* **Information provided**
+++
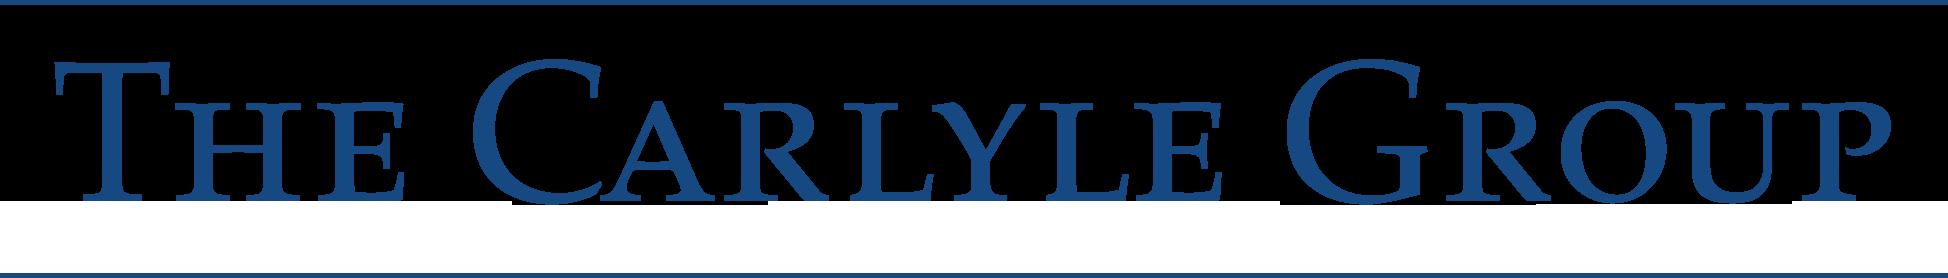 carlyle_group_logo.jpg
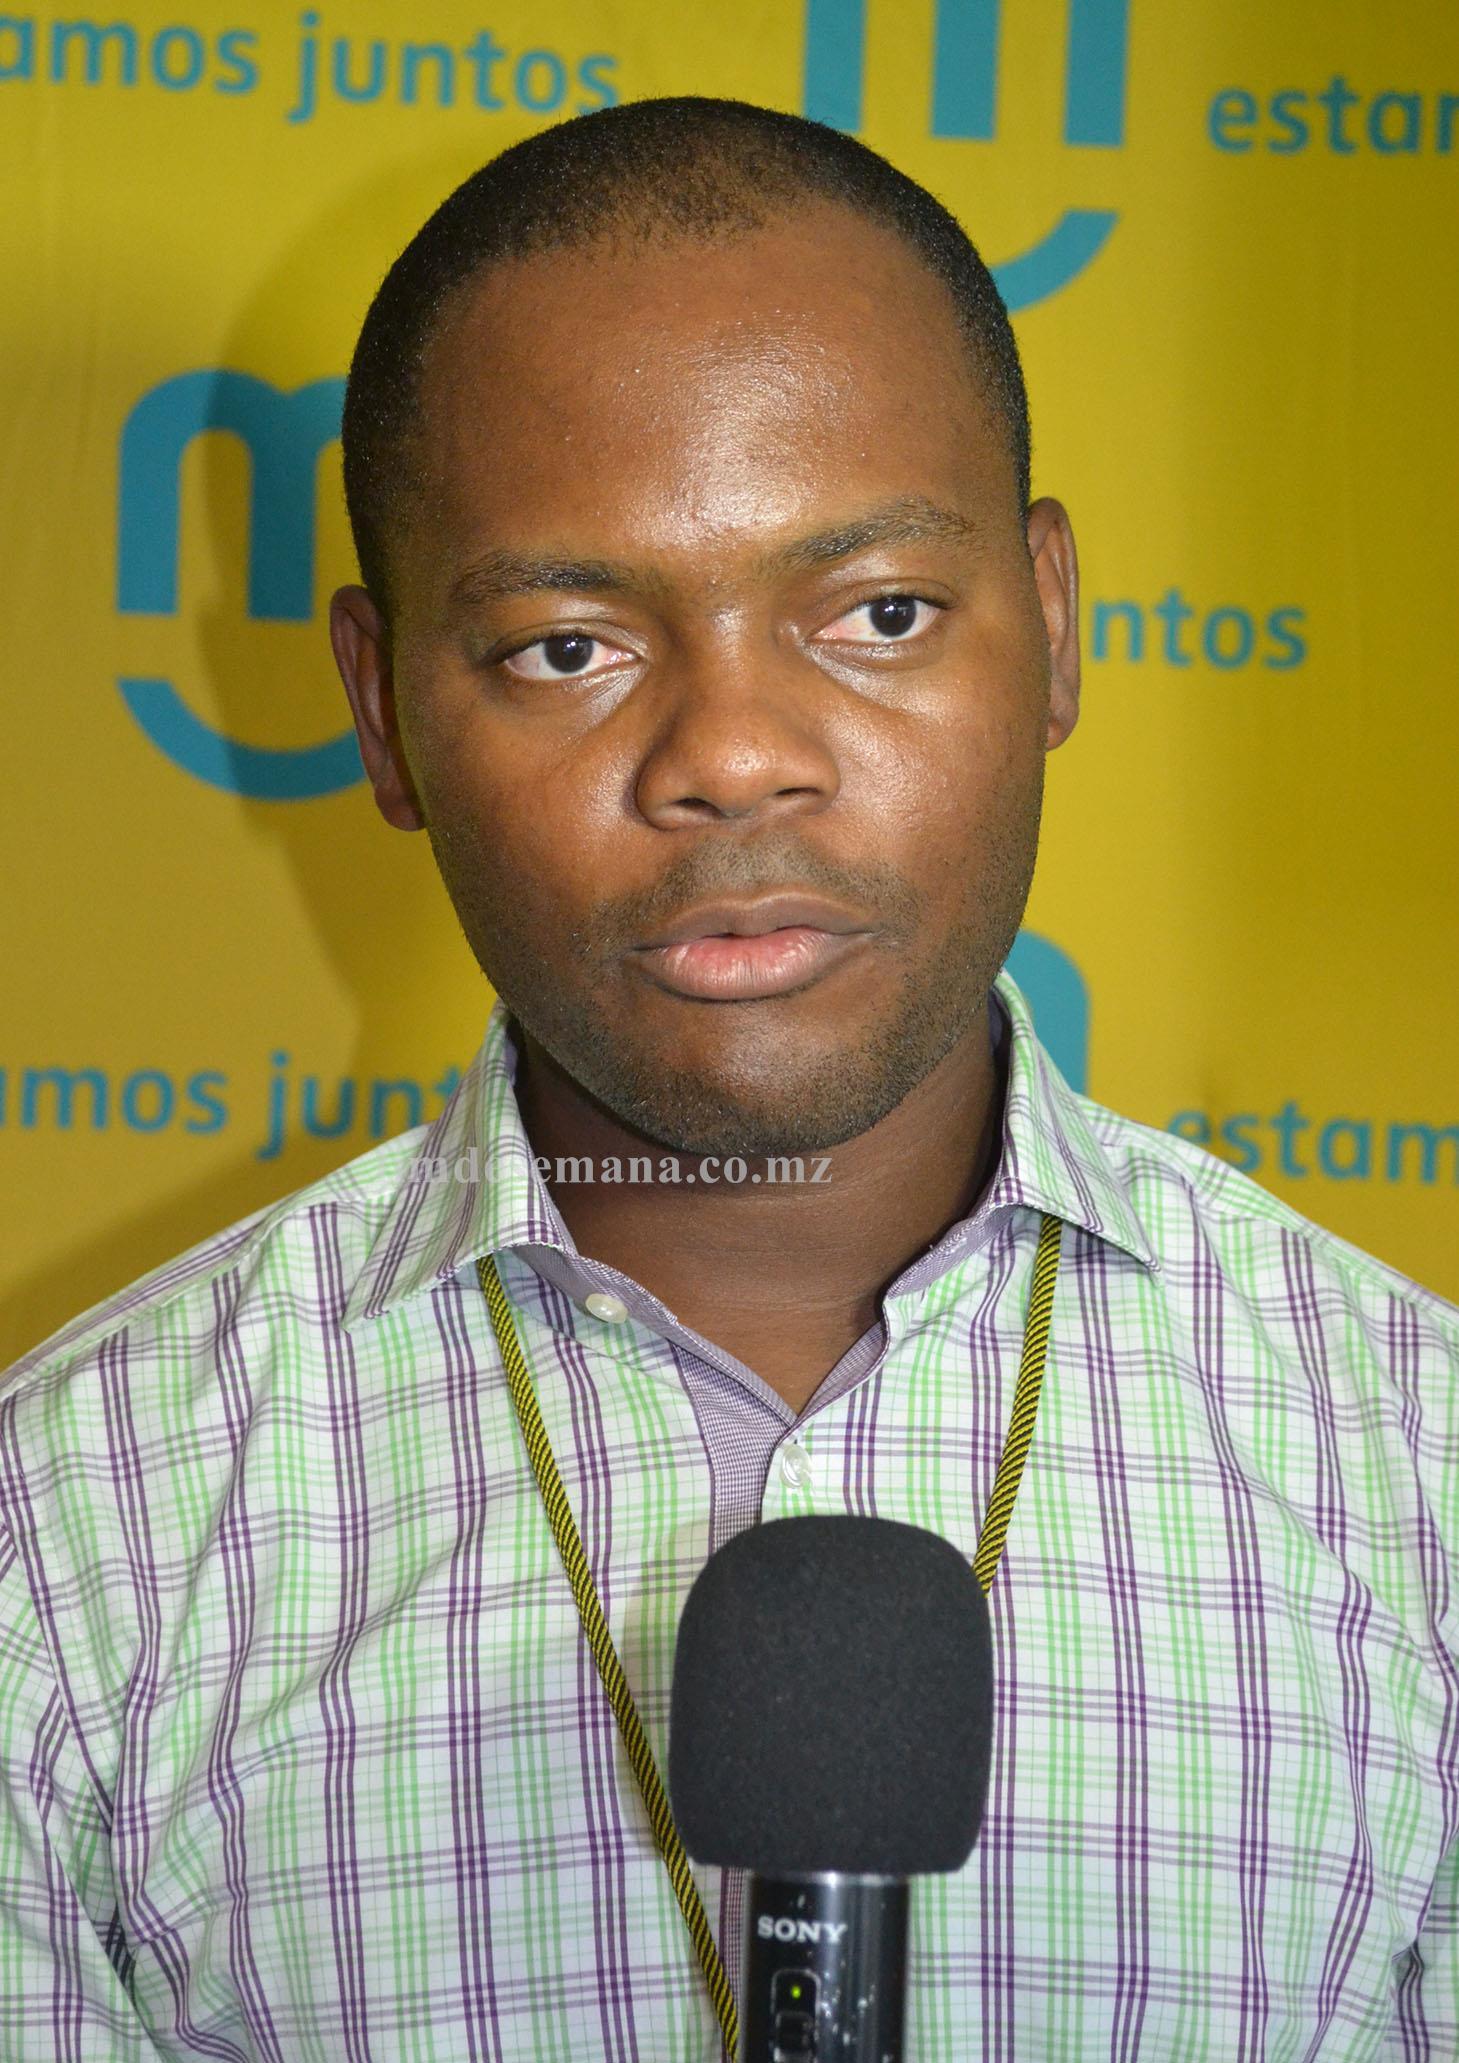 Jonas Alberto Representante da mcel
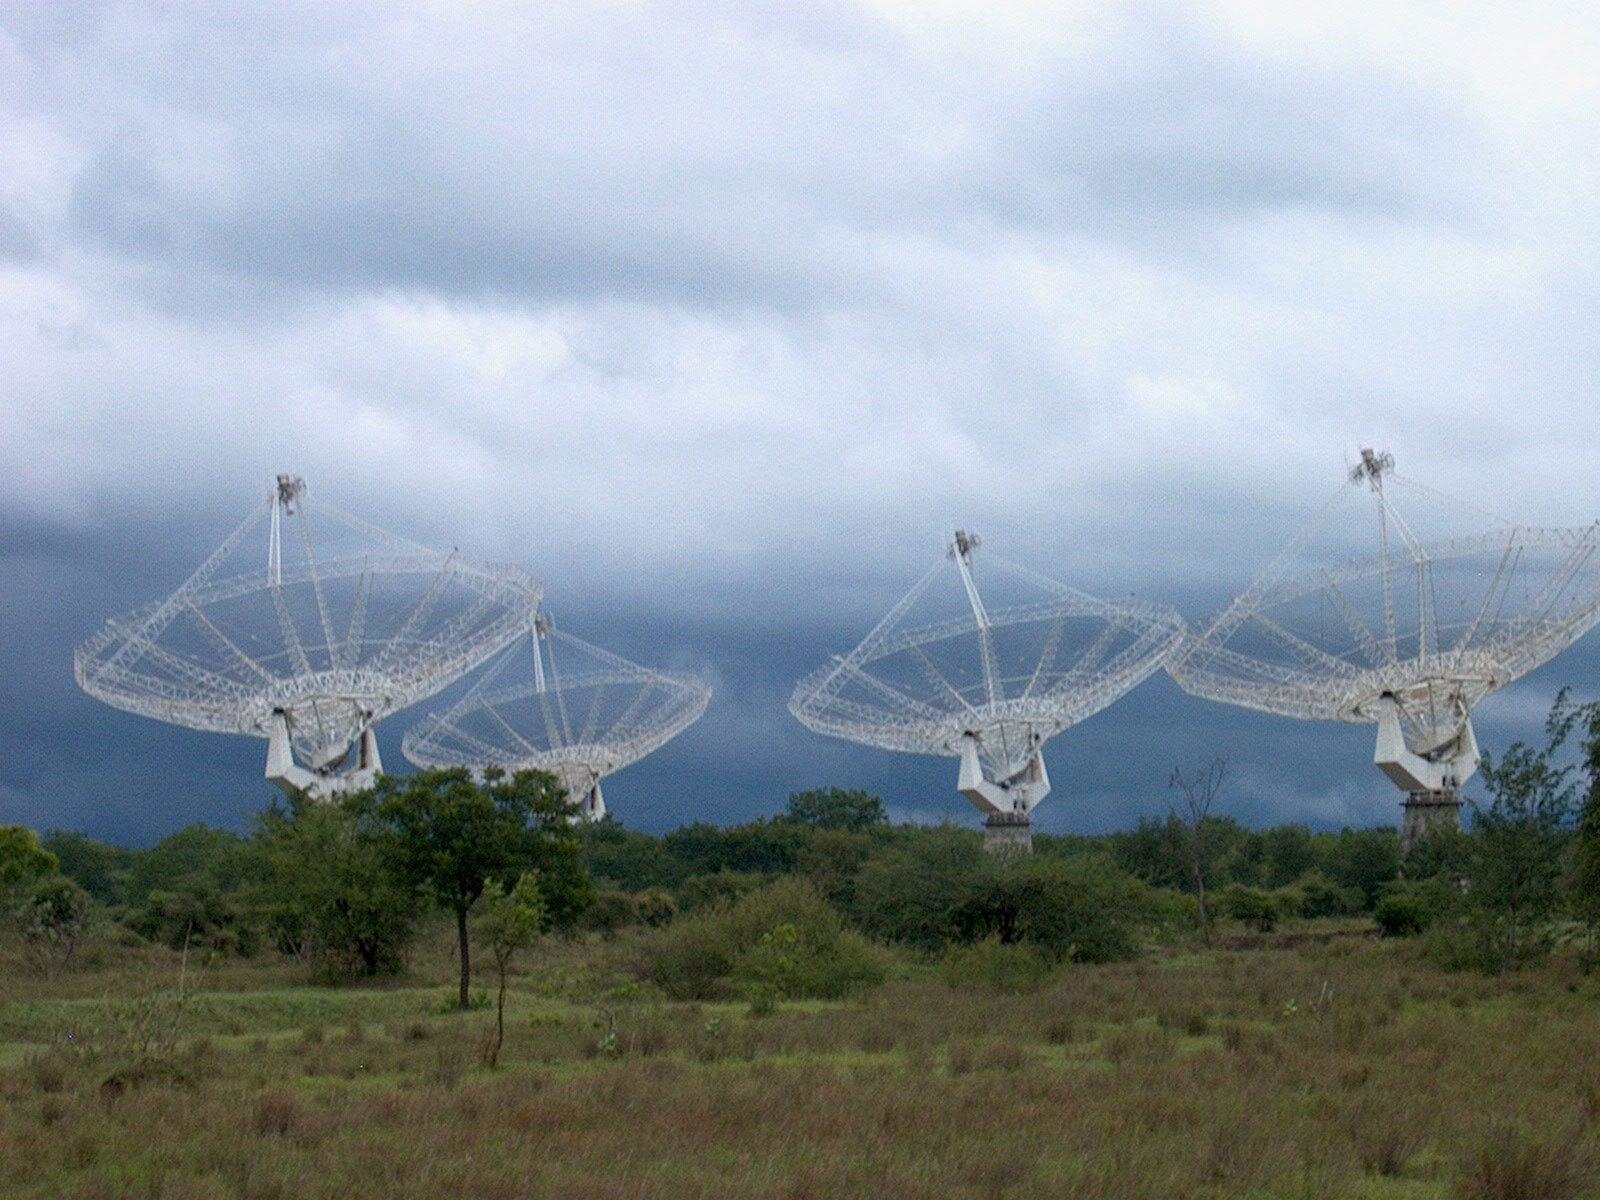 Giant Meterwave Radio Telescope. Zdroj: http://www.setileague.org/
+++
* **What needs to be done**
Retype the listing above exactly, pictures excluded.

* **Answer box**
 carlyle_group_logo.jpg
 Jonas Alberto Representante da mcel
 Giant Meterwave Radio Telescope. Zdroj: http://www.setileague.org/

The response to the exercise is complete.